# Weighing shots



## Big Tony (Dec 18, 2012)

Ok,

so I've moved this to a new thread so that David can have his original questions answered. For those who don't know, I was asking how much my shot should weigh when dosing 18g of coffee.

the answers have been varied but the general thought is that I should be getting 27-35g in 25-27 seconds

so anyway, I went ahead and tried this for the first time... Before this, I was getting 2oz in 27 seconds give or take. My first result wasn't good I have to say. I dosed my usual 18g, tamped at my normal pressure and timed my shot which was sitting on my digital scales.

I quickly watched the weight shoot up to 29g in 14 seconds!! I looked to see how much coffee I was getting and realised that there was just over 1oz in total. I conceded that I must have made an error and flicked the switch to continue to the 2oz mark. Total weight of the 2oz shot was around 60g. It appears that I'm currently getting 1g to 1ml ratio.

so if I tighten the grind I'll assume that the time will slow and the weight will gain at a slower pace? That's all well and good but am I right in thinking I'll still be getting around 27ml in return? If so.... Not a lot of coffee is it!?!?


----------



## shrink (Nov 12, 2012)

Ok a few things:

What are you measuring volume with? The little free glasses you get with most things these days actually have their marker line nearer the 1.2oz level. This means you're probably getting near 70ml of fluid.

A double espresso could realistically be as little as 30ml or 1fl oz depending on ratio, and personal taste. Most of my 18g shots come out at about the 1.2-1.5oz mark give or take.

In reality, as much as I tried to fight it. Weight is a better indicator. 18g in, 25g out, 25 seconds or so, is my general formula, but this is open to variation and you will need to find out what works for you. For me, taking 18g to 28g just feels like too much, and I don't enjoy the end result.

Try weighing, taste your results, see what you like.


----------



## Glenn (Jun 14, 2008)

Or...

Adjust to taste, THEN weigh your shots for consistency.

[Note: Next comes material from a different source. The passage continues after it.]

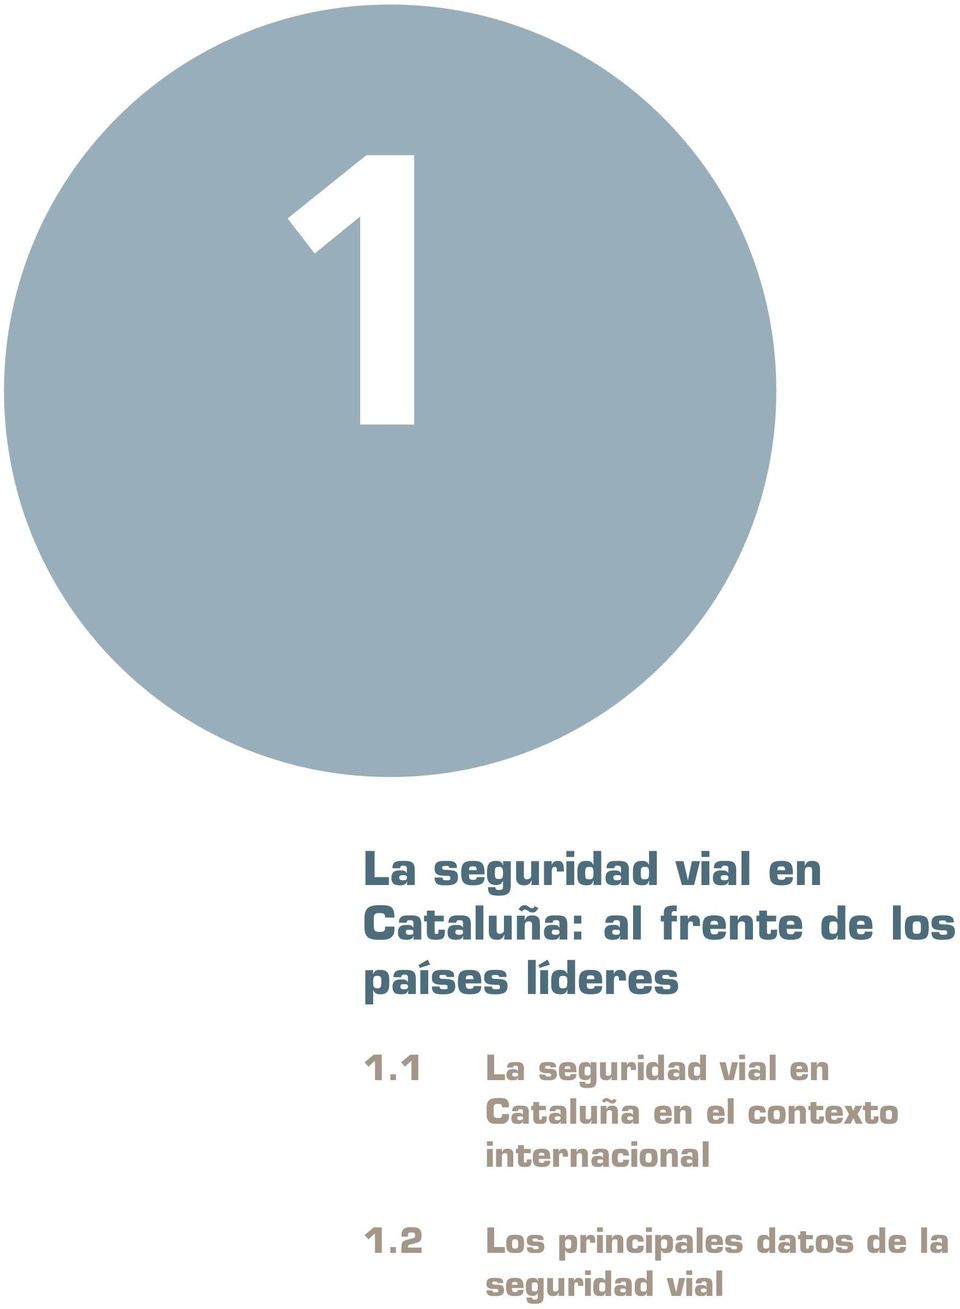 1 La seguridad vial en Cataluña en el
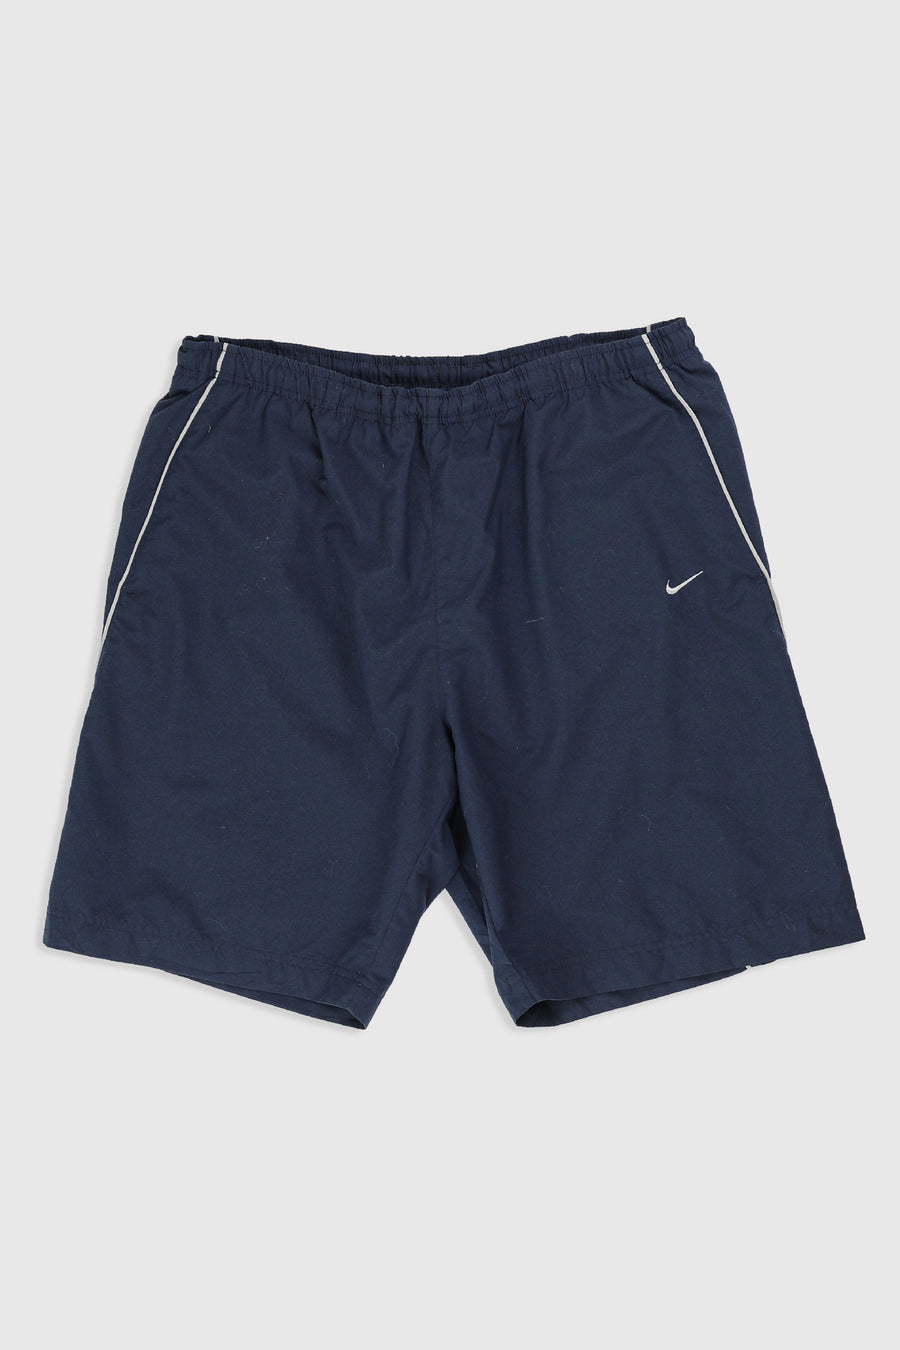 Vintage Nike Shorts

Other peoples recipes might not necessarily suit your tastebuds.


----------



## urbanbumpkin (Jan 30, 2013)

Hey Tony

I've never pulled shots by weight, although I've weighed shots after pulling by volume and have had similar results i.e. 45-55g plus from 17g dose.

I may well give it go to see what the results are like.


----------



## The Systemic Kid (Nov 23, 2012)

Glenn said:


> Or... Adjust to taste, THEN weigh your shots for consistency. Other peoples recipes might not necessarily suit your tastebuds.


Wise advice indeed. Taste is what it is all about. Formulas are useful guidelines but that's all they are.


----------



## urbanbumpkin (Jan 30, 2013)

shrink said:


> Weight is a better indicator. 18g in, 25g out, 25 seconds or so, is my general formula, but this is open to variation and you will need to find out what works for you. For me, taking 18g to 28g just feels like too much, and I don't enjoy the end result.


How much volume of liquid do you get with this on a 25 sec shot?

From Tonys benchmark would you go finer or coarser to get the 25 sec lighter shot?


----------



## forzajuve (Feb 2, 2011)

Espresso is a short intense pick me up (with lots of great flavour and mouthfeel) so I get confused when people are looking for a larger volume drink. If you prefer something to last longer then try an americano. That being said the desirable volume for a double will be between 1 and 2oz, typically around 1.5oz. Weighing is the best way not only to add consistency but also to dial in to your own tastes, we all have different end goals, without measuring what you are doing you will never get there.


----------



## shrink (Nov 12, 2012)

urbanbumpkin said:


> How much volume of liquid do you get with this on a 25 sec shot?
> 
> From Tonys benchmark would you go finer or coarser to get the 25 sec lighter shot?


No idea accurately, but I'd suggest nearer 1.2oz on most of my shots. I tend not to measure volume. I do most shots by eye once I've got the grind right. Tony needs to tighten up his grind considerably in my opinion, as he seems to be getting enormous volumes of fluid, which will likely result in weak and bitter shots.

My process when dialling in a new bean is this (and I must stress, this is just how I do it, and may not work for everyone)

-guesstimate the grind based on roast level compared to previous bean

-weigh input, so between 17.5-18.5g give or take. Actual input doesn't need to be perfect to the last nth as long as its consistent.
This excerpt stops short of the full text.